In Grand Junction, the company operates from a 16,000-square-foot factory with nine CNC machines and an adjacent 3,000-square-foot R&D lab. Many specialized, low-volume parts are manufactured in Colorado, including suspensions, but higher volumes are handled in Taiwan, where MRP works with outside vendors and a third-party assembly facility.

“If it has an OE application and we make it in Taiwan, we generally don’t make it in the U.S.,” says Fry. “We’ll import those products and use them with U.S.-made parts to assemble the products.”

Taiwan being an international hub for bicycle manufacturing makes it a critical location for MRP. “We are doing a lot more original equipment business with bike brands around the world,” says Fry. “It’s become a bigger chunk.”

In the last decade, supplying OEMs from Taiwan has increased from about 25 percent to more than 50 percent of sales. “Most of the high-end bikes are assembled in Taiwan,” says Fry. “Being able to have our parts made and assembled there is kind of key.”

“Through the pandemic, we actually had 100 percent on-time delivery in Taiwan, which was a little unusual in our industry with the supply chain snafus,” he adds. “Part of the thing was our ability to leverage the U.S. and Taiwan both. If we ran into an issue with one of our vendors in Taiwan, we would move that part back to the U.S. and produce the raw part here and ship it back to the facility [in Taiwan] for assembly. It increased some costs — it’s not ideal for us to be shipping like that, but it allowed us to maintain the business and maintain on-time delivery.”

The approach also lends itself to small-batch manufacturing and custom parts. “Our key competitors produce their products on an assembly line in Asia, and we are more hand-built and customizable to the end user,” says Fry. “We’ve really gone back to that leverage point for us of what our large competitors can’t do because of their production and what we can do because it is made in Grand Junction.”

Fry says that he’s seen a “clustering effect” in Grand Junction with outdoor manufacturers. “I think there’s things we can learn from each other, and it’s great to have the support and understanding a little bit more from the local community on the positive impacts that outdoor rec and outdoor rec manufacturing specifically can have,” he says.

After a difficult 2020 that turned positive by year-end, MRP grew by 34 percent in 2021 and 18 percent in 2022. “Even though we had our best years in Taiwan the last couple of years, we still saw order cancellations and order delays because of availability of other component parts,” says Fry. “We could have even done better if some of those suppliers had not had issues.”

The 2023 forecast? “We’re cautiously optimistic,” he says.

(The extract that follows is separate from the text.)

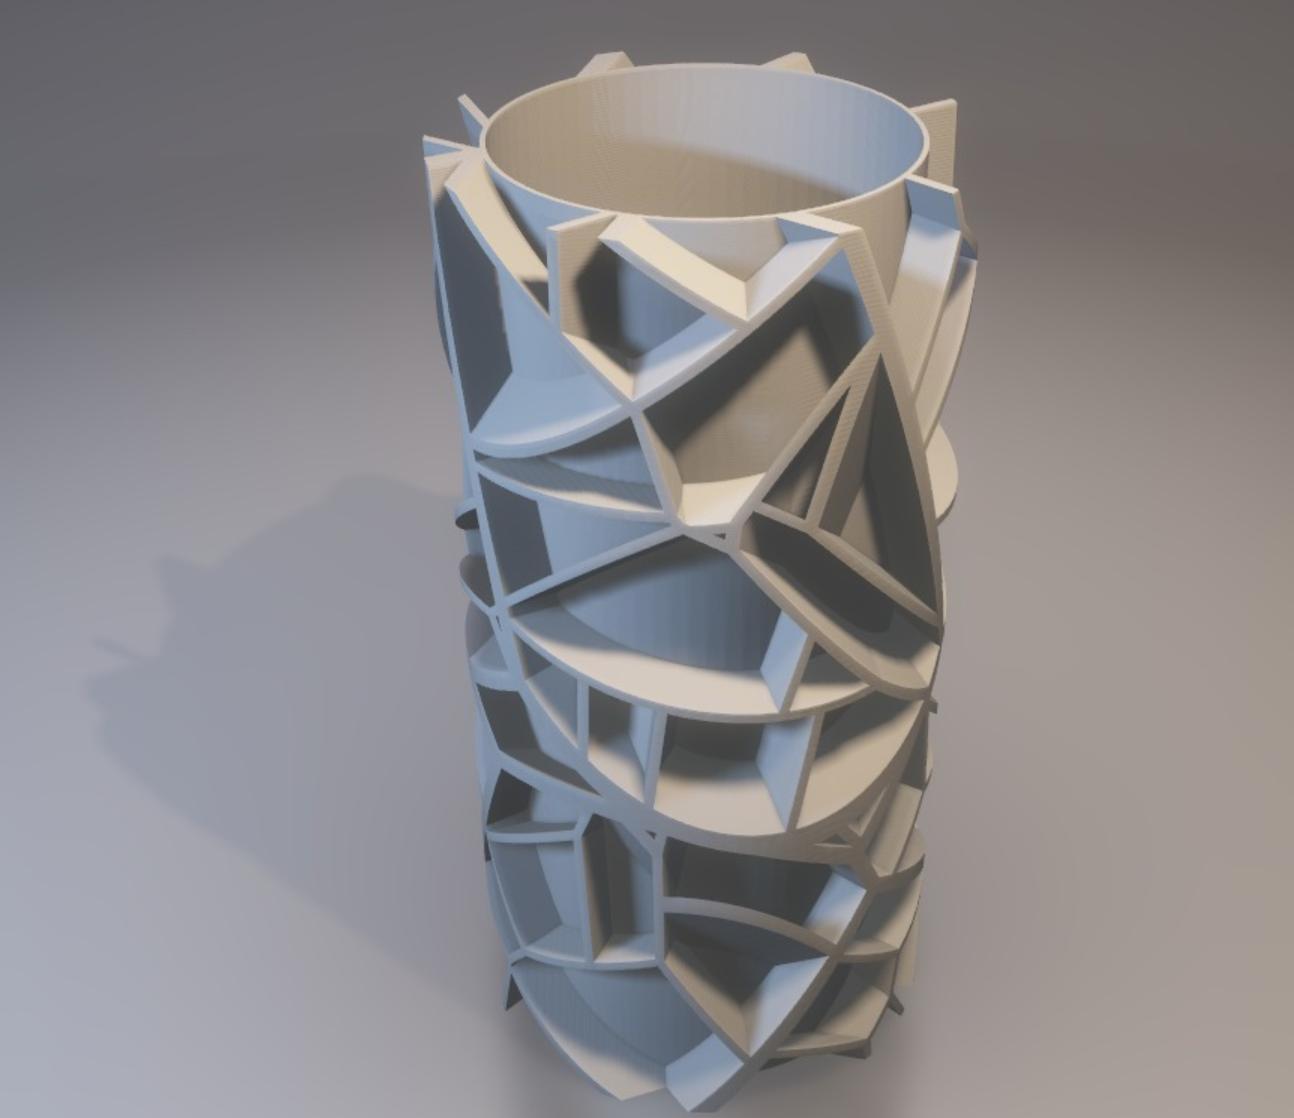 Capture d'écran 2017-11-28 à 18.40.34.png Download free STL file Voronoi vase (rounded or not) • 3D printable model, xTremePower

Challenges: “It’s been a little challenging getting new products developed through the last two years, just with some of the supply issues and with the demand — our own demand,” says Fry. “Our engineers have been whining for the last year and a half about being able to get prototype parts faster out of our machine shop, because it’s been so consumed with production.”

And beyond MRP’s in-house machine shop, the bicycle supply chain hasn’t completely untangled itself: “We’re constantly looking at pinch points, and it does continue to be certain value-added services that may not be available here locally and we’ve struggled to manage well. Right now, we’re looking at two processes that we outsource to potentially bring in-house.”

He adds, “On one hand, the lack of local resources can be a challenge, but it can also be an opportunity if you look at bringing some of that in-house.”

Opportunities: MRP has four new products coming out in 2023. “That’s been a big push of ours, especially in the last six months,” says Fry. “We knew the surge we saw through the pandemic was going to slow at some point, and our hope is to have a good pacing of new products hitting the market [in 2023].”

MRP has also set the stage for continued growth for its OEM business in Asia. “I think that’s going to continue to be an engine for us,” says Fry.

Needs: Skilled labor for MRP’s machine shop in Grand Junction. Western Colorado Community College is “a Haas machining center now and we have some Haas machines, so we’ve been sending some of our employees over there for training,” says Fry.